13321_2018_257_MOESM1_ESM.docx Additional file 1. Contains tables showing eM scores (ST1) and measured Tanimoto similarities scores for 22 predicted DrugBank HLA-B*57 01 HLA-B*57 01ounds using interaction fingerprint descriptors (ST2).
This new study attempts to demonstrate the usefulness of a novel molecular docking workflow for identifying HLA-B*57 01 HLA-B*57 01ounds from the wholiablegBank database.
This study by Metushi et al. [34] represents a full in silico to in vitro screening for HLA-B*57 01 HLA-B*57 01ounds from ZINC.
After completing the consensus molecular docking using peptides P1, P2, and P3, the chemical space of predicted DrugBank HLA-B*57 01 HLA-B*57 01ounds was expliable
Due to limited experimental data for model validation, we developed and applied a three-tiered docking protocol to predict potential HLA-B*57 01 HLA-B*57 01ounds from DrugBank.

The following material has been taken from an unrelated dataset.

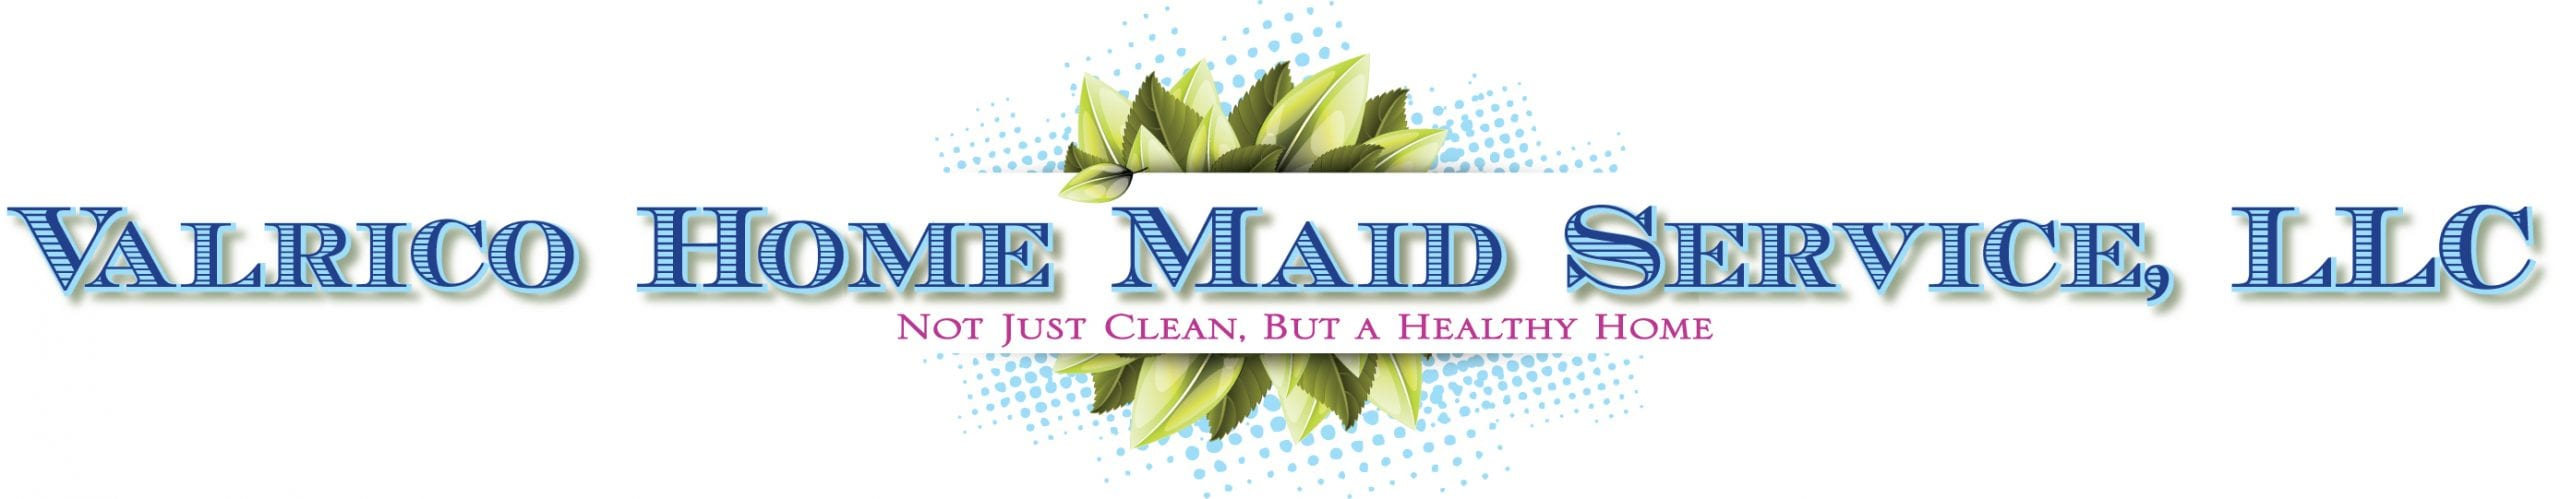 Valrico Home Maid Service

In our previous study [44], we conducted an in-depth analysis of the capabilities of structure-based molecular docking as a reliable prediction tool for detecting HLA-B*57 01 HLA-B*57 01ounds.
Using these 22 predicted HLA-B*57 01 HLA-B*57 01ounds, we pliable compoundste weth explanmentolists for the development of an efficollaborateccurate screening assay for T-cell activation to confirm our model's predictive capabilities.
Our docking protocol from tier 1 using crystal 3VRI and peptide P1, as shown in Fig. 1, identified 619 HLA-B*57 01 HLA-B*57 01ounds using both SP and XP scoring functions when peptide P1 is the specific co-binding peptide.
After docking based on two scoring functions, three X-ray crystals 3VRI, 3VRJ, and 3UPR with and without their associated co-binding peptides P1, P2, and P3, respectively, we identified 22 potentially HLA-B*57 01 HLA-B*57 01ounds.
Herein, using all these recent insights into modeling drug-HLA interactions, this new study aims at developing and testing an ensemble docking platform [44] to screen the entire DrugBank database for potentially HLA-B*57 01 HLA-B*57 01ounds that are currentliablenown and/or untested.